乾いた音が響き渡る雨の中、打たれた頬は信じられないくらい熱かった。


「てめぇええ……ッ! 何でアレクサンドラを討った!? 言って見ろよこのクソ野郎ッ!! 何で殺そうとしたァッ!!!!」


胸倉を掴み上げ、叫ぶ香澄。 打ちのめされた頬を押さえながら海斗は呆然とそれを見つめていた。

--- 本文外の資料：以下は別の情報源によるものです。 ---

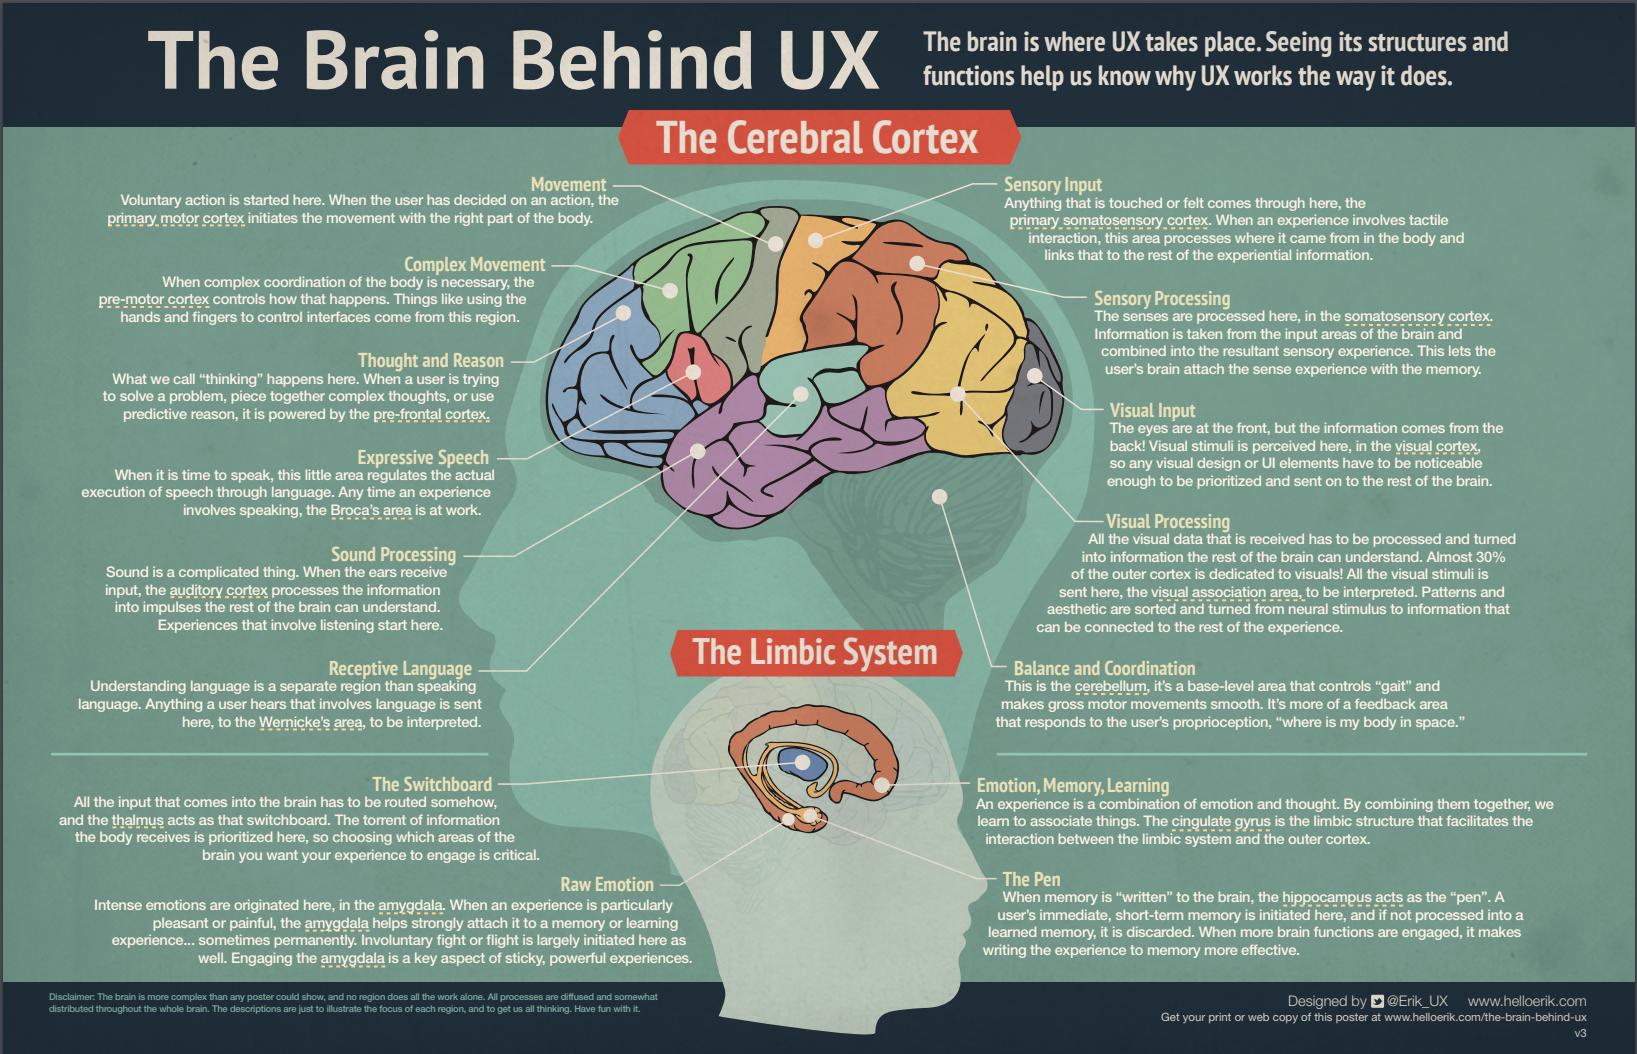 由 Erik Flowers所製作的UX和Psychology的Infographic

撃沈され、炎を巻き上げながら沈没する軍艦。 海に落ちてそれを真っ赤に染めたエルブルス。 残骸と粉塵と炎と雨の中、二人を止める者は居なかった。

海に飛び込み、ずぶぬれになった香澄。 その前髪から絶え間なく落ちる水は流れる涙さえも押し流していく。 海中より引き上げられたアレクサンドラは同じくずぶぬれのままコンクリの上に横たわっていた。

かろうじて一命は取りとめている。 だがいつ命を落としてもおかしくはない。 一向に戻らない意識とじわじわと冷え込んでいく体温が香澄の焦りを煽り続ける。

そして何よりも、水の冷たさを忘れさせるほど熱く胸の内で煮えたぎる怒りが彼から冷静な思考を奪っていた。 仲間であり、親友であるべき少年を殴り飛ばし、その胸倉を掴み上げたのはその為である。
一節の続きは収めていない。